The TurboGrafx-CD was a console add-on for the PC Engine/TurboGrafx-16, allowing the console to play games in a CD-ROM format as well as its standard games. This makes it the first CD add-on, and makes the TurboGrafx-16 the first system ever to play CD-based games. In Japan, it was sold in two models, the CD-ROM² (pronounced as CD Rom-Rom), and a revised model which integrated the Super System Card. There was also a combo unit called the PC Engine Duo, which was sold in North America as the TurboDuo. The Duo itself in Japan would get two revisions, the Duo R, which had better build quality and also gave it a white streamlined casing, and the Duo-RX, which was also the last revision for the console itself. It changed the controller to a 6 button controller but was largely the same otherwise.
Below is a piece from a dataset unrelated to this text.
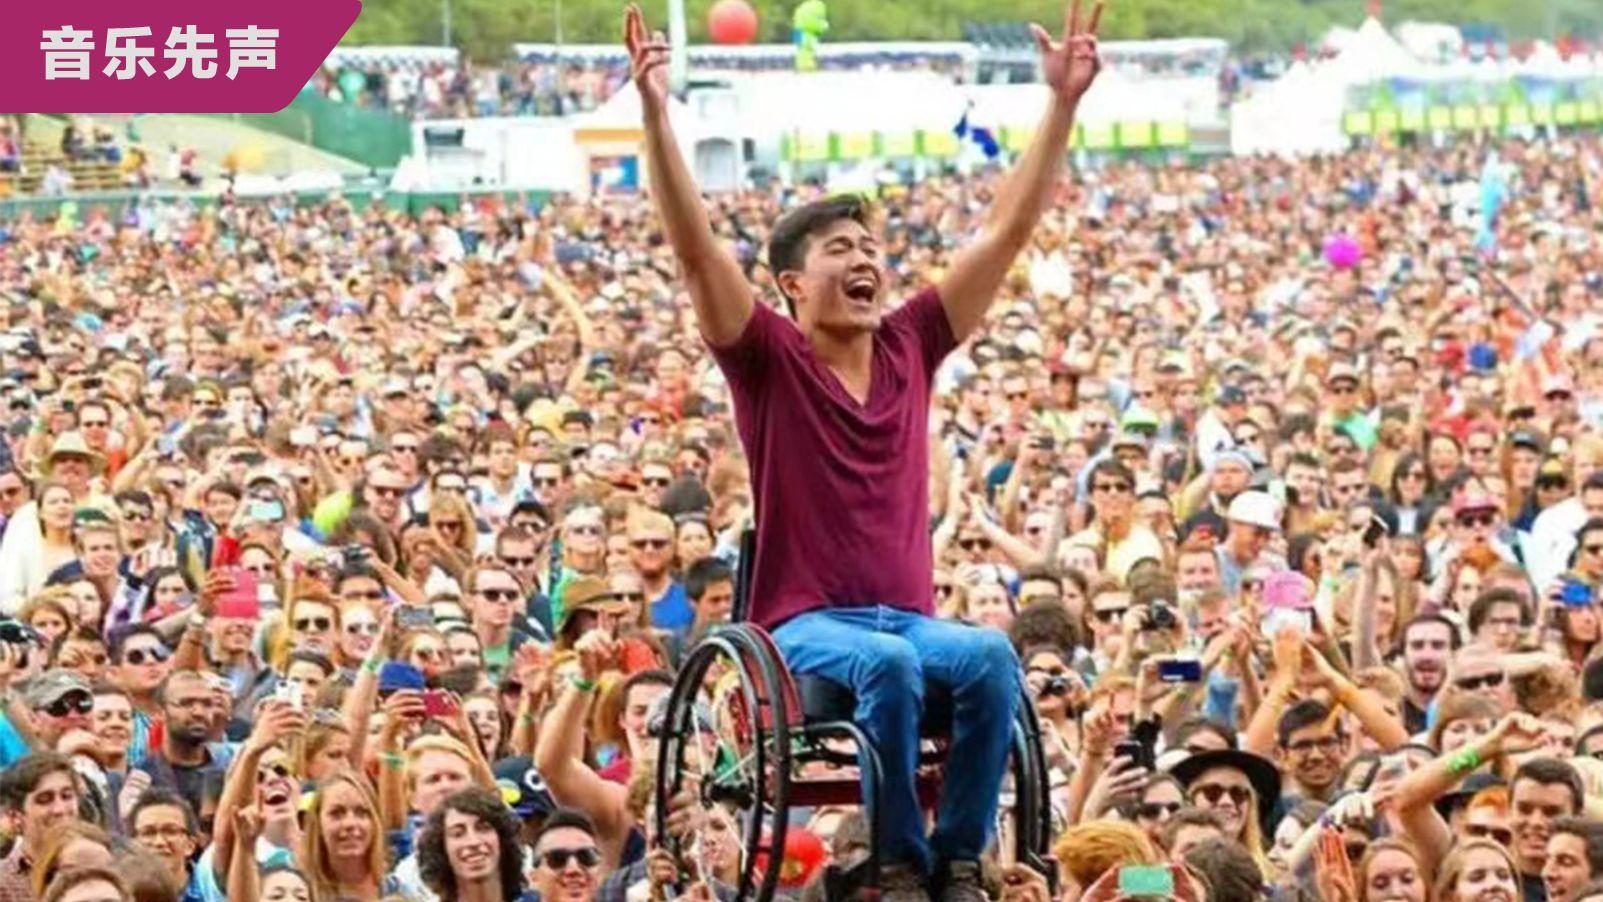 别再说残障人士不能去看音乐节了
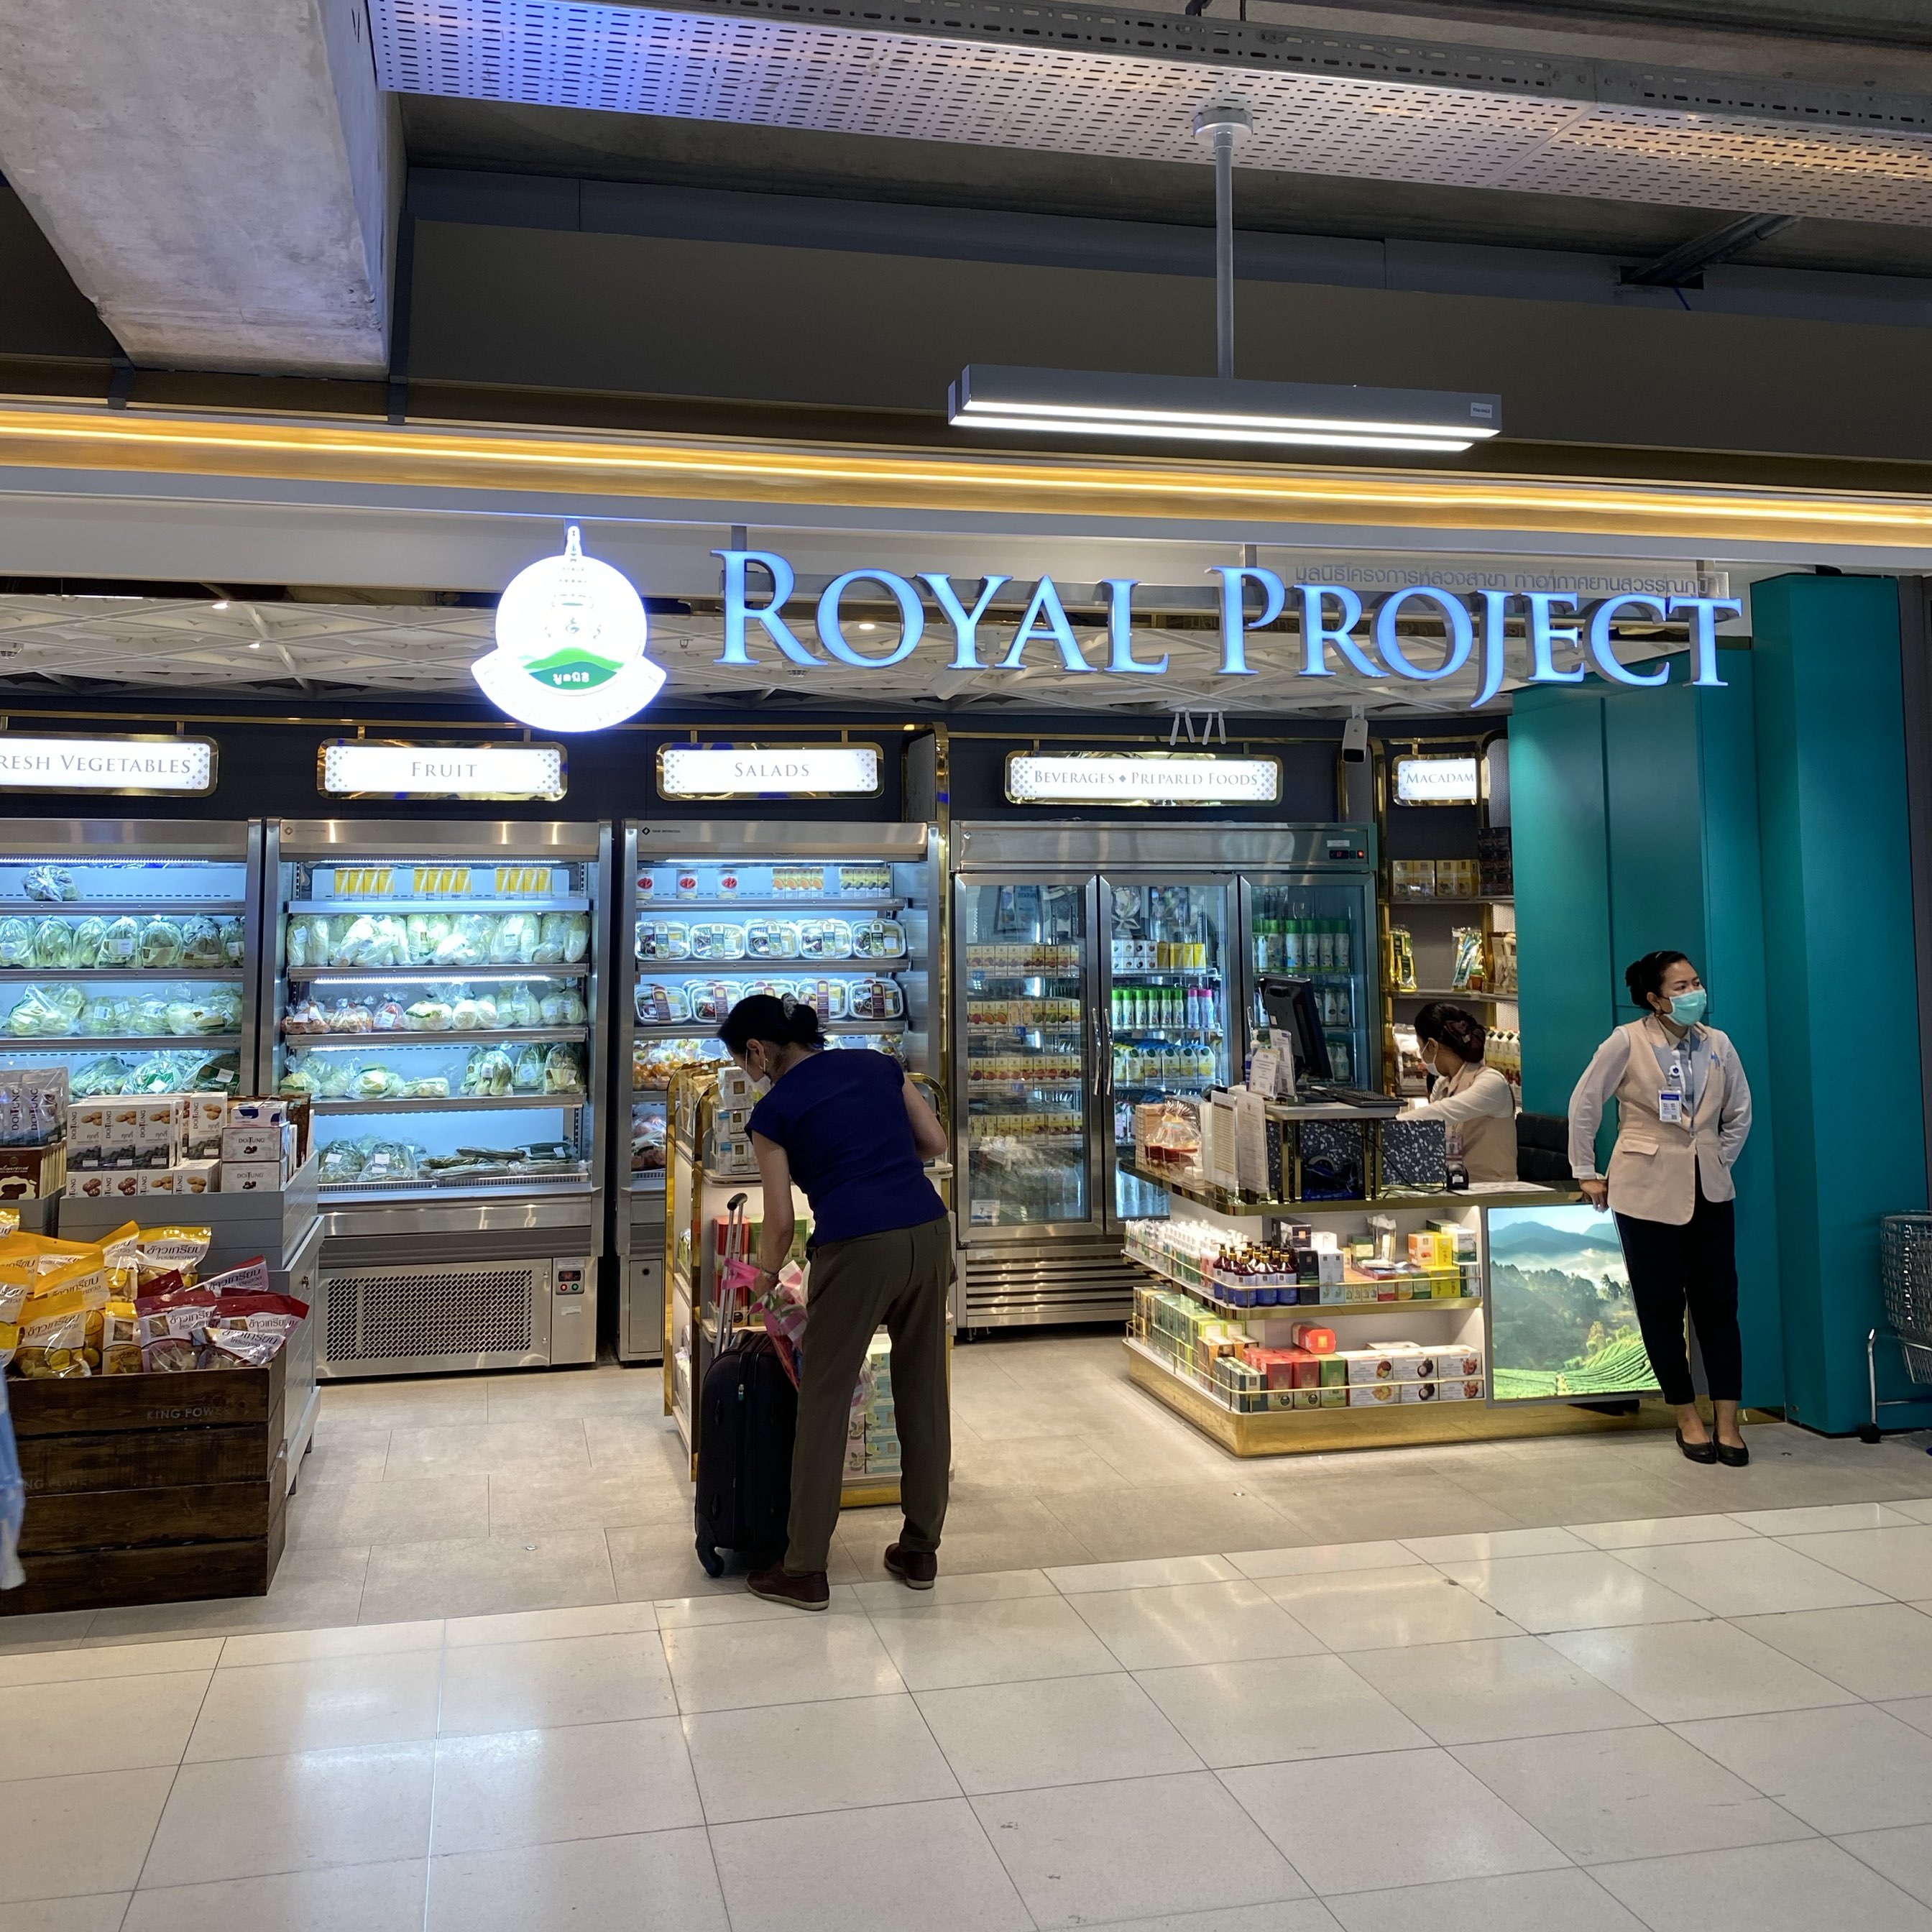 在飞回家之前,在皇家项目上停下来买新鲜蔬菜和水果。

Although it was a hit in Japan, due to a number of factors (including the release of the Sega Genesis and eventually its CD based add-on) the TurboGrafx-CD would never pick up in sales in North America, and eventually be history.

Bad Qualities

  1. Much like other CD add-ons, you needed the base console to play it; meaning that in order to play the TurboGrafx-CD, you need a TurboGrafx-16 console and a TurboGrafx-CD System Card, though you could get a TurboDuo, which combined both of these systems and had a built-in version of the Super System Card.
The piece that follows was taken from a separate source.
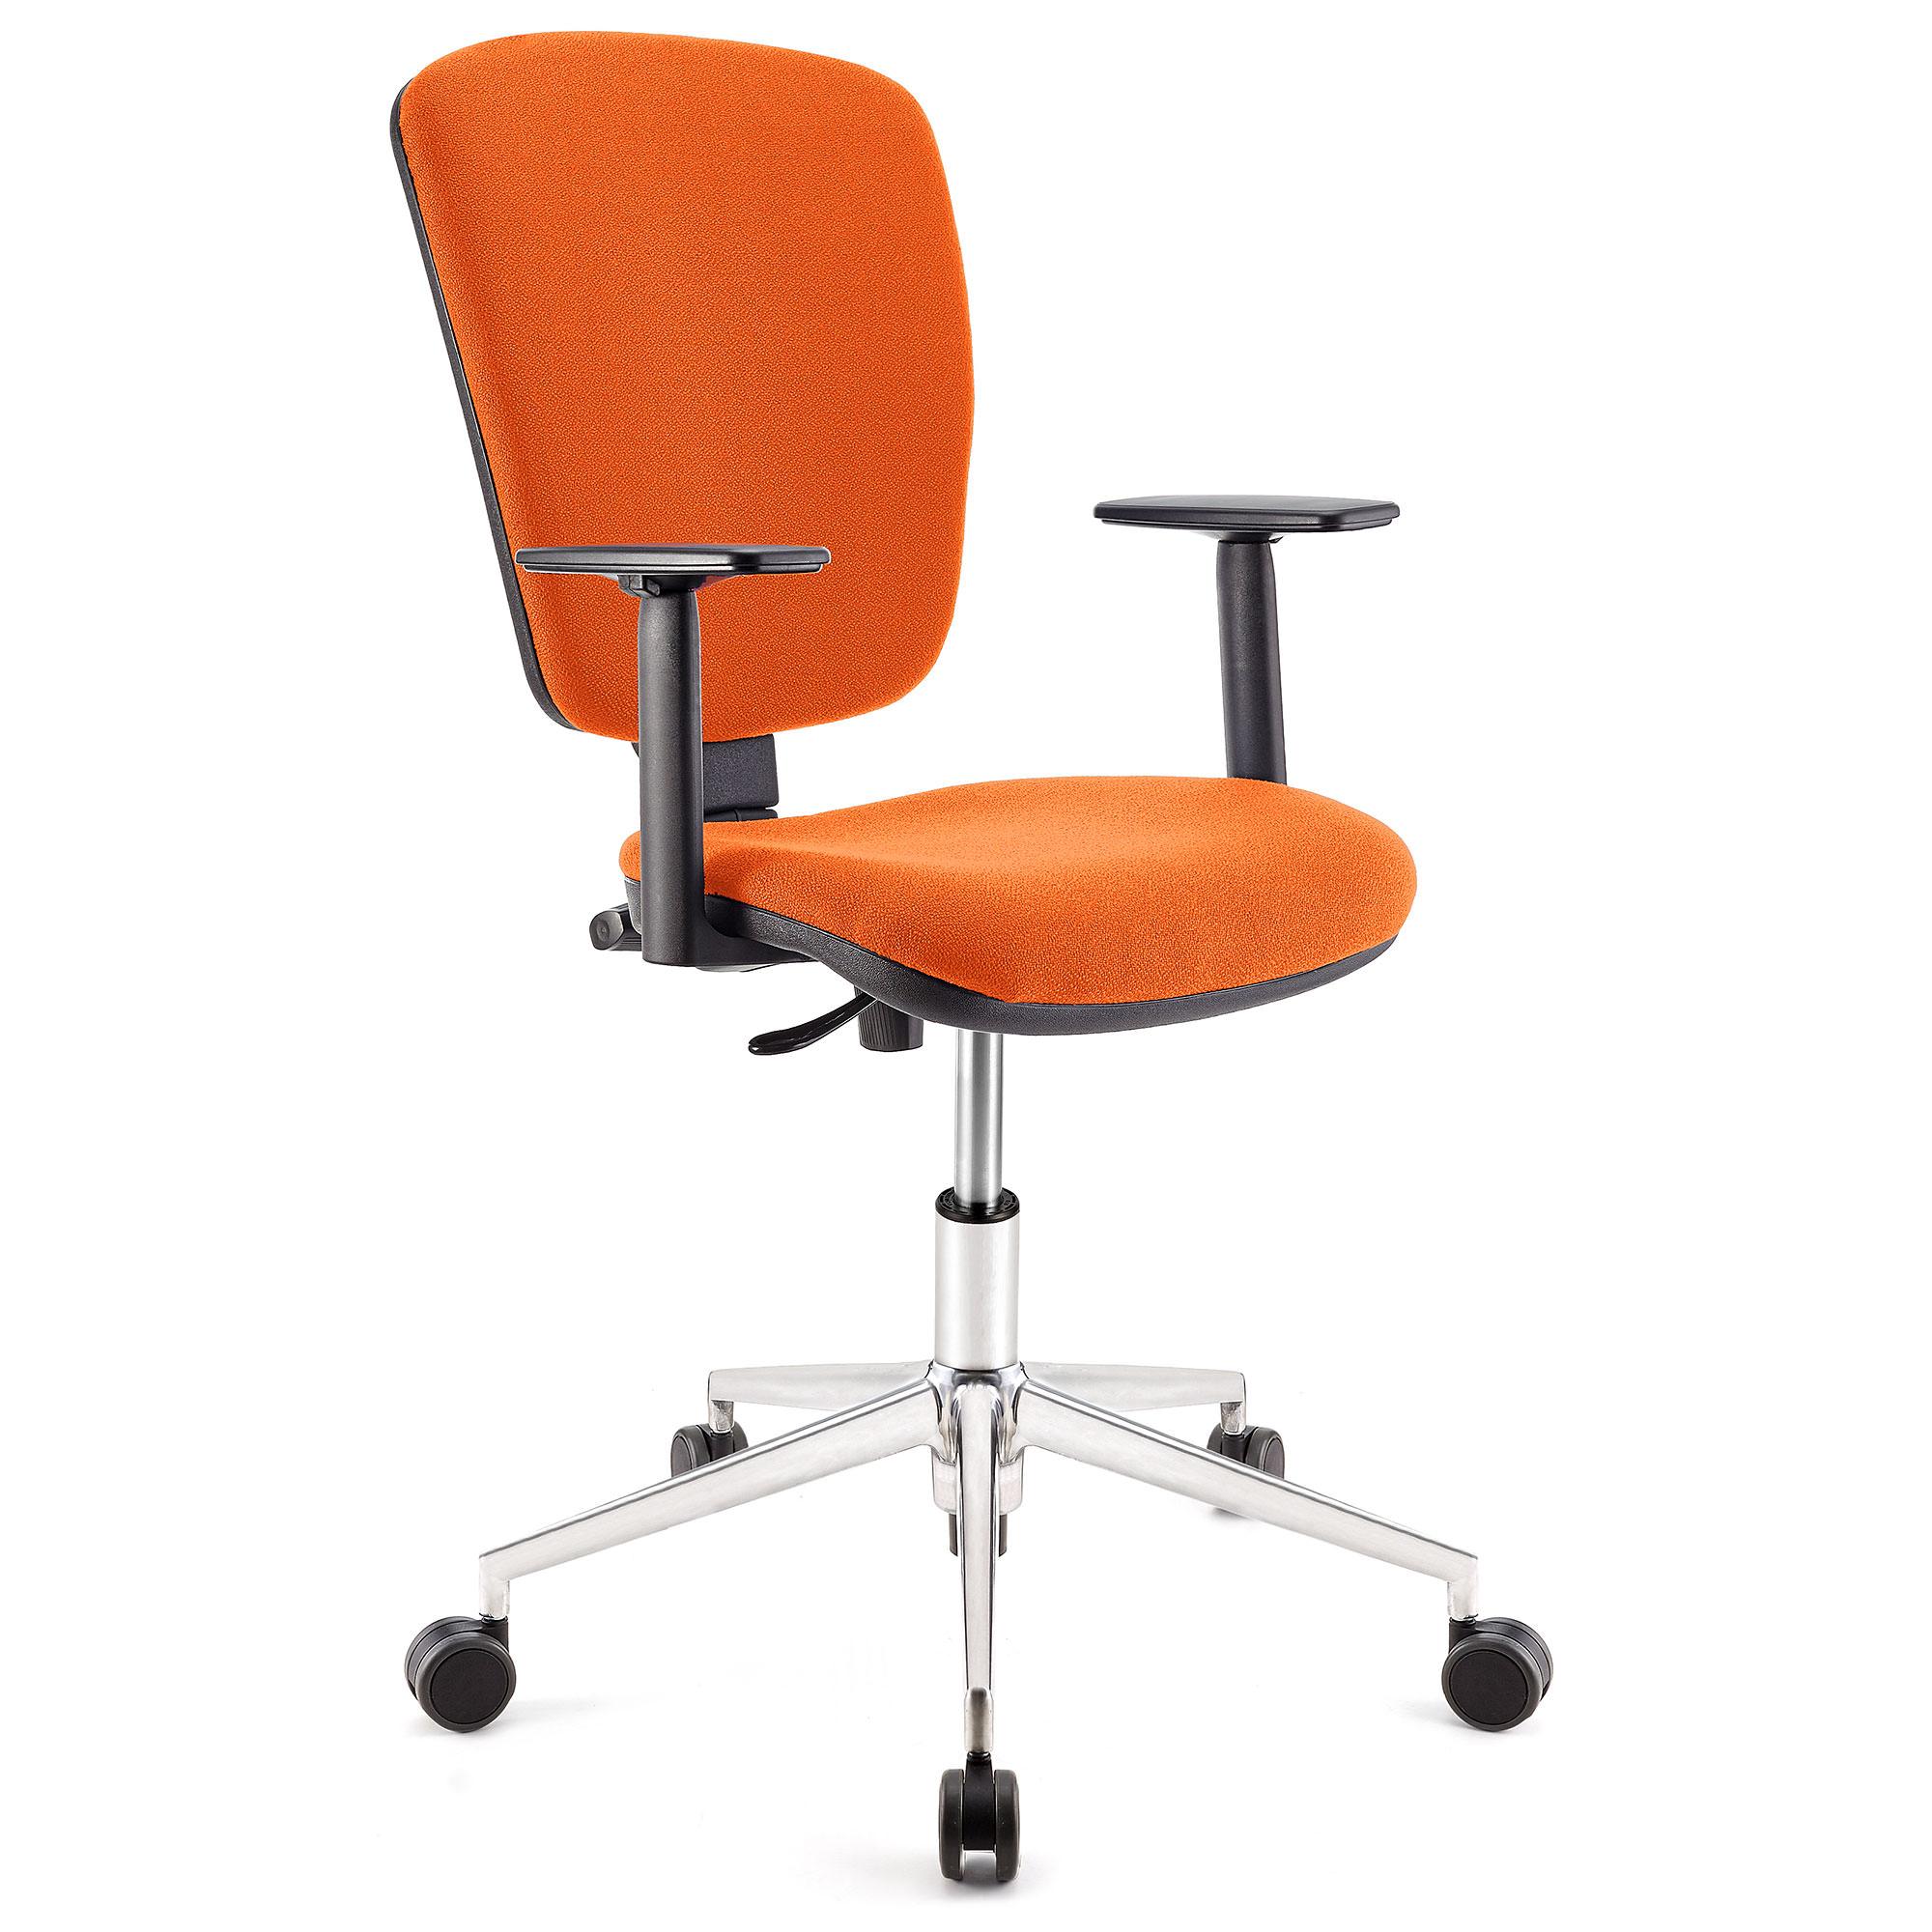 Drehstuhl KALIPSO PRO, verstellbare Rücken- und Armlehnen, Metallgestell, Stoffbezug, Farbe Orange

  2. Very high price of $400 when it first came out, and stayed at that price throughout its selling time. At least when Sega released the Sega CD, they eventually released a cheaper version.
    • Because of its $400 asking price, and the fact that you need a TurboGrafx-16 (which costed $300 at that time) to use it, in total it would cost $700. And this was back in the early 90's.
  3. Demand for the add-on was very low, as a majority of gamers either owned a Sega Genesis or a Super Nintendo.
  4. Instead of being on the side or on the top of the console, it was in the back. Fortunately, this wasn't the case in Japan.
  5. Audio quality on the system was sub-par at best, but voice audio quality were horrendous, with Castlevania: Rondo of Blood as an exception, which used Red Book audio.